É difícil não ser simpático à causa de Ariel ou discordar do discurso antirracismo da campanha “somos todos macacos”, mas a regra é sempre ficar atento às origens de um hashtag.
“Desconfie das coisas que você vê na internet porque muito o que está ali é planejado, é uma mensagem que tem por interesse ser persuasiva com relação ao cidadão, ao eleitor”, afirma Ronaldo Lemos, diretor do Instituto de Tecnologia e Sociedade.
Enquanto isso, a campanha “somostodosmacacos” segue gerando debates acalorados.
“Hoje, no mundo, acontece uma catástrofe, todo mundo se sensibiliza e tal. Mas depois, acabou. Então, eu não gostaria que isso acontecesse. Porque é algo sério”, diz Daniel Alves
Agora, até os amigos e parentes do rapaz que jogou a banana no campo protestam na Espanha. O caso sacudiu a pequena e pacata cidade de Villareal.
"Foi uma coisa errada, mas não houve intenção", diz um rapaz.
"Para nós, como estrangeiros, ficou parecendo que os espanhóis não nos querem. Foi um gesto feio", diz um estrangeiro.
"Para mim, foi um ato de racismo", acredita uma mulher.
Mas quem é esse rapaz? David Campayo, de 26 anos, trabalha em uma empresa de porcelana da cidade.
No Centro de Treinamento do Villareal, o rapaz que jogou a banana no campo trabalhava de forma voluntária. Ele ajudava a treinar jovens das categorias de base. O clube quer desvincular sua imagem do gesto de racismo e, por isso, uma das medidas que tomou foi dispensar os serviços do rapaz.
David também perdeu a carteira de sócio e foi proibido de entrar no estádio El Madrigal, onde o Villareal joga.
Um dia depois do jogo, David foi detido e levado para uma delegacia. Prestou depoimento e foi liberado. Ele pode pegar até três anos de cadeia por injúria racial.

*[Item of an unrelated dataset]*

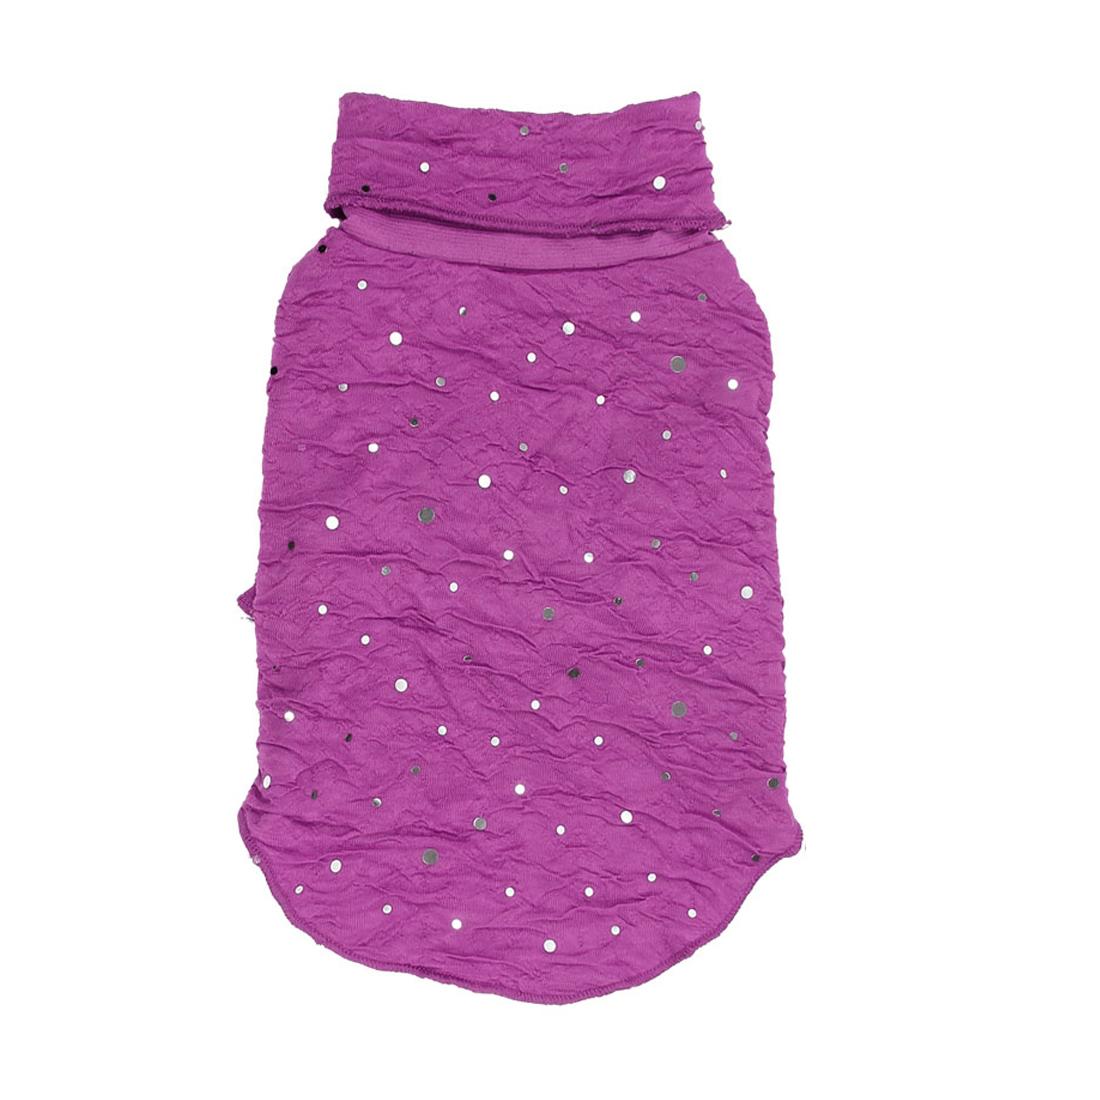 Pet Dog Puppy Turtleneck Sequins Clothes Clothing Apparel Costume Purple Size S
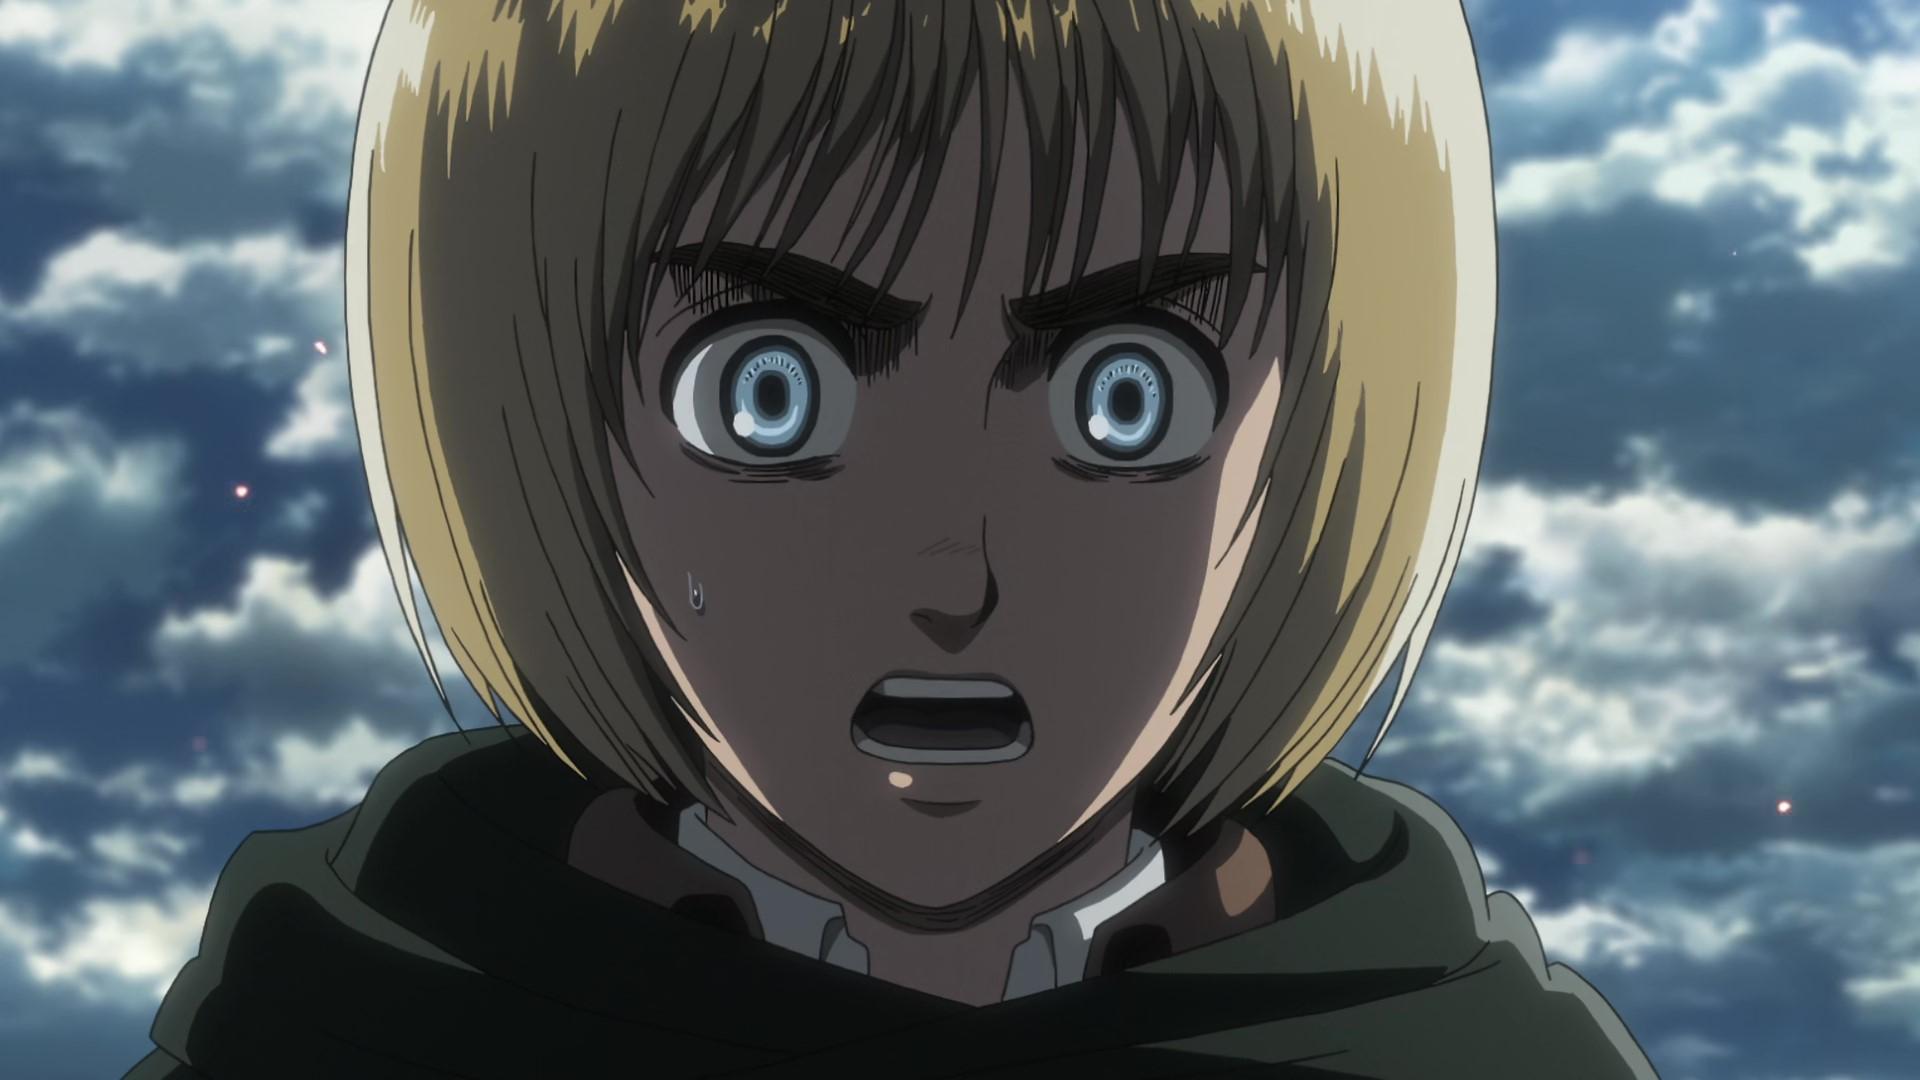 Attack on Titan Season 3 Episode 17 English Dubbed - AnimeGT

“Tem que haver uma punição. Mas eu não acredito que tenha que pagar o mal com o mal. A gente tem que educar. Você não pode combater assim. Banindo do futebol, tirando o emprego. Porque de repente é um pai de família e tem que sustentar a família de alguma forma. São os fortes que perdoam”, afirma Daniel Alves.